I will look into the issue and fix.
> John, Paul,
> I ran the example with the same options and the code aborts at
> a different location in cusp.  Although still called by PCSetUp_SACUSP.
> The example works fine if txpetscgpu is not used.
> Valgrind does not show any relevant issues prior to the std::terminate.
> My best guess based on this and some investigation is that this is 
> happening
> because of inconsistent C style casts in the code (which are #ifdefed 
> out when
> txpetscgpu is not used). They could be related to different code paths 
> taken
> in calling MatCUSPCopyToGPU in sacusp.cu depending on txpetscgpu macro.
> I'm busy with other stuff, but I'll let you know when this gets fixed.
> Chetan
> *From:*petsc-dev-bounces at mcs.anl.gov 
> <mailto:petsc-dev-bounces at mcs.anl.gov> 
> [mailto:petsc-dev-bounces at mcs.anl.gov] *On Behalf Of *John Fettig
> *Sent:* Monday, February 27, 2012 2:02 PM
> *To:* For users of the development version of PETSc
> *Subject:* Re: [petsc-dev] PETSc GPU capabilities
> It finally finished running through cuda-gdb.  Here's a backtrace.  
> new_size=46912574500784 in the call to 
> thrust::detail::vector_base<double, 
> thrust::device_malloc_allocator<double> >::resize looks suspicious.
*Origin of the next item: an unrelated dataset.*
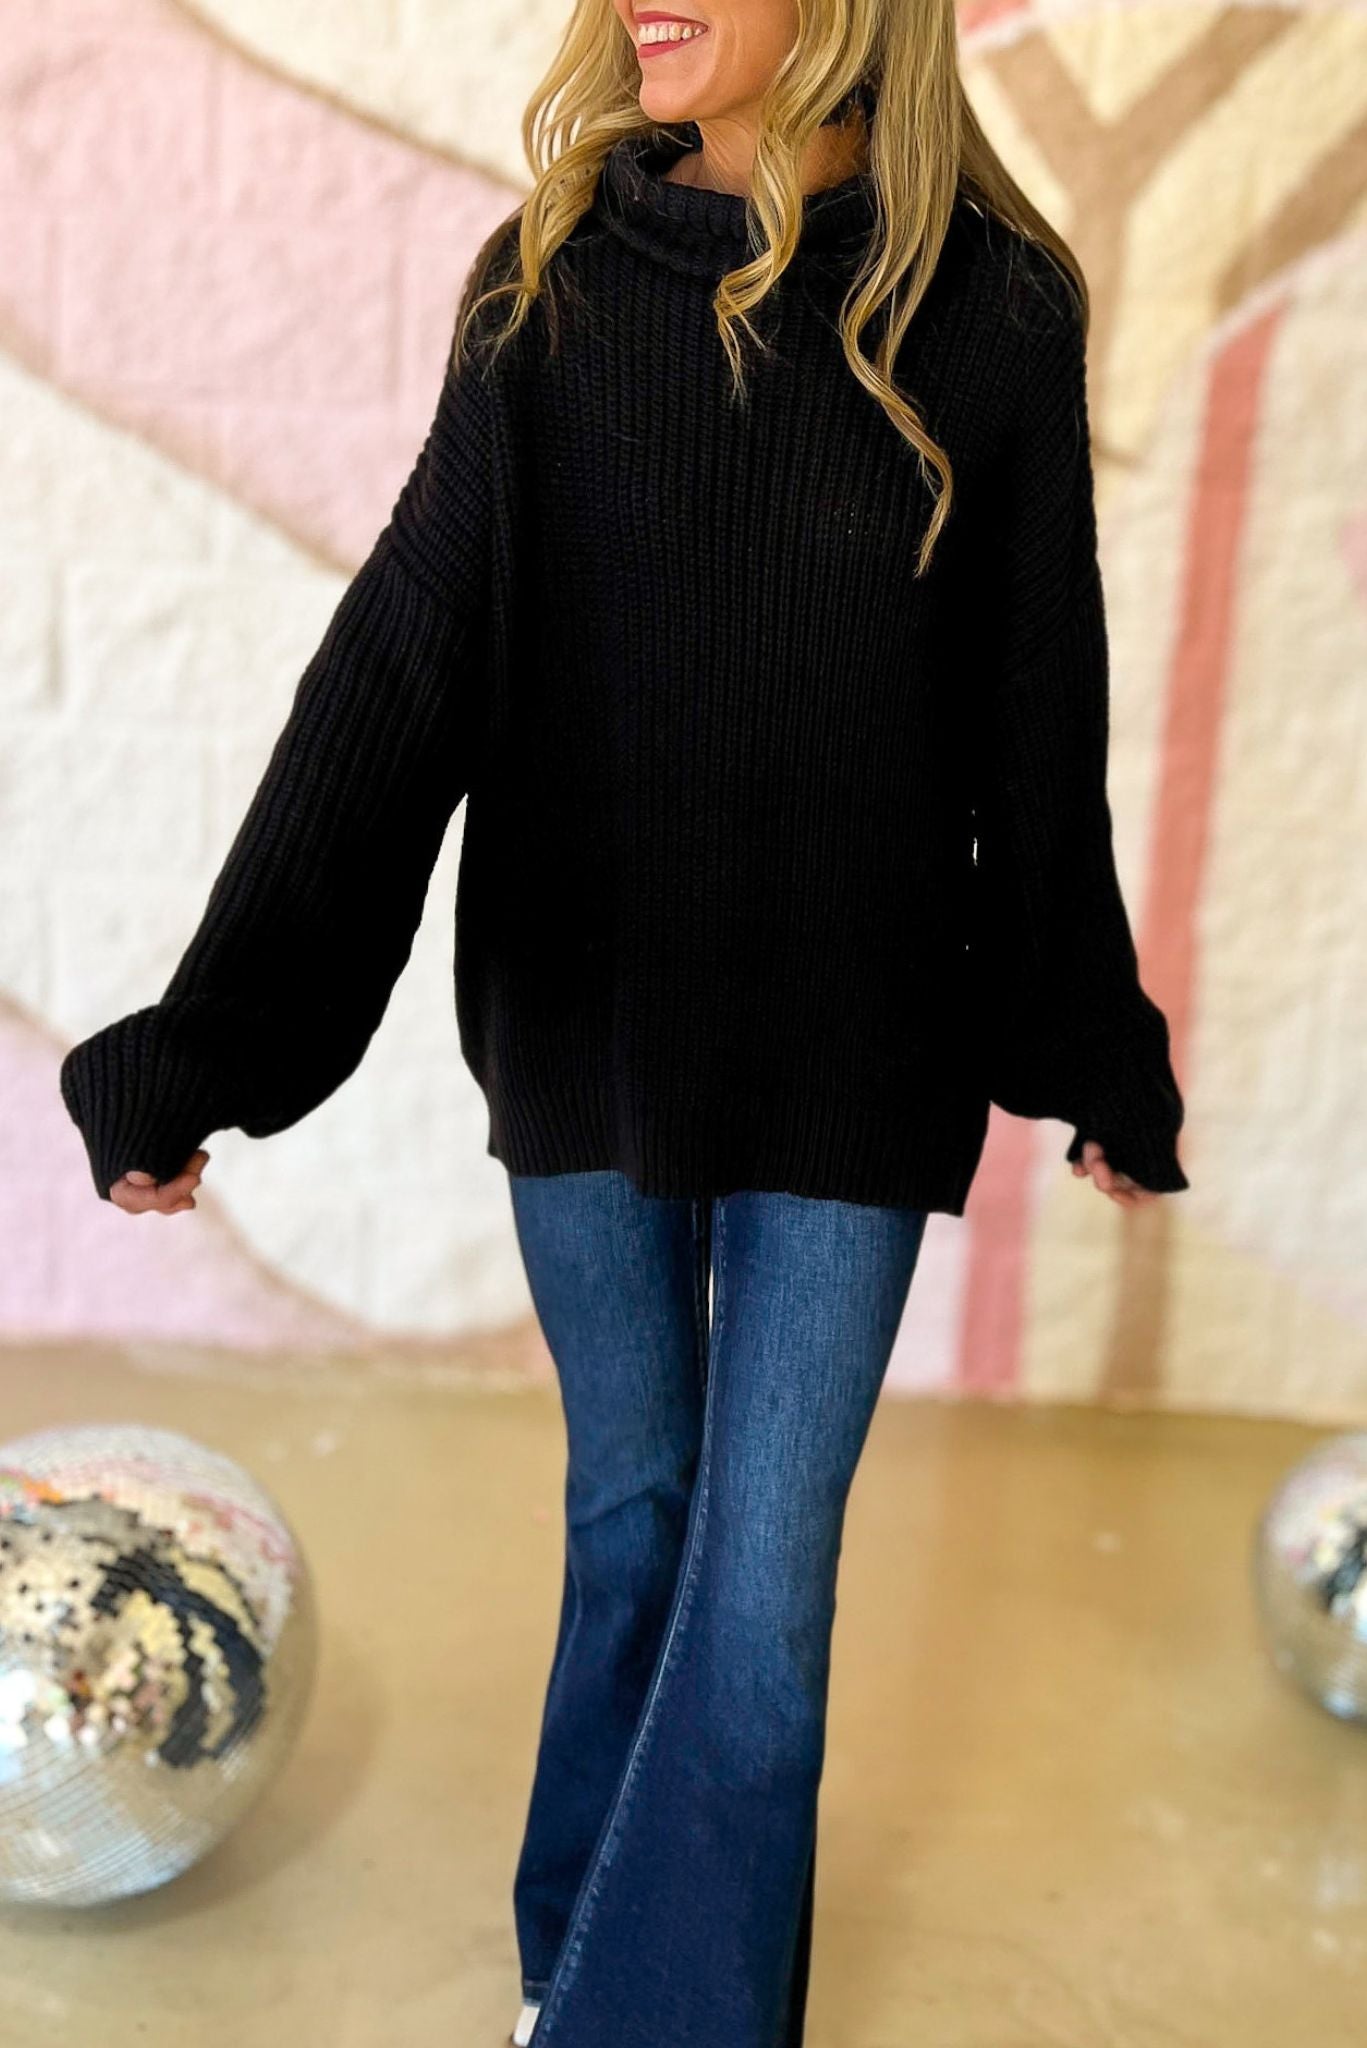 Load image into Gallery viewer, black Turtleneck Knit Sweater, fall fashion, fall must have, staple piece, chic, elevated look, shop style your senses by mallory fitzsimmons

> #0  0x0000003e1c832885 in raise () from /lib64/libc.so.6
> #1  0x0000003e1c834065 in abort () from /lib64/libc.so.6
> #2  0x0000003e284bea7d in __gnu_cxx::__verbose_terminate_handler() ()
>    from /usr/lib64/libstdc++.so.6
> #3  0x0000003e284bcc06 in ?? () from /usr/lib64/libstdc++.so.6
> #4  0x0000003e284bcc33 in std::terminate() () from 
> /usr/lib64/libstdc++.so.6
> #5  0x0000003e284bcd2e in __cxa_throw () from /usr/lib64/libstdc++.so.6
> #6  0x00002aaaab45ad71 in thrust::detail::backend::cuda::malloc<0u> 
> (n=375300596006272)
>     at malloc.inl:50
> #7  0x00002aaaab454322 in 
> thrust::detail::backend::dispatch::malloc<0u> (n=375300596006272)
>     at malloc.h:56
> #8  0x00002aaaab453555 in thrust::device_malloc (n=375300596006272) at 
> device_malloc.inl:32
> #9  0x00002aaaab46477d in thrust::device_malloc<double> (n=46912574500784)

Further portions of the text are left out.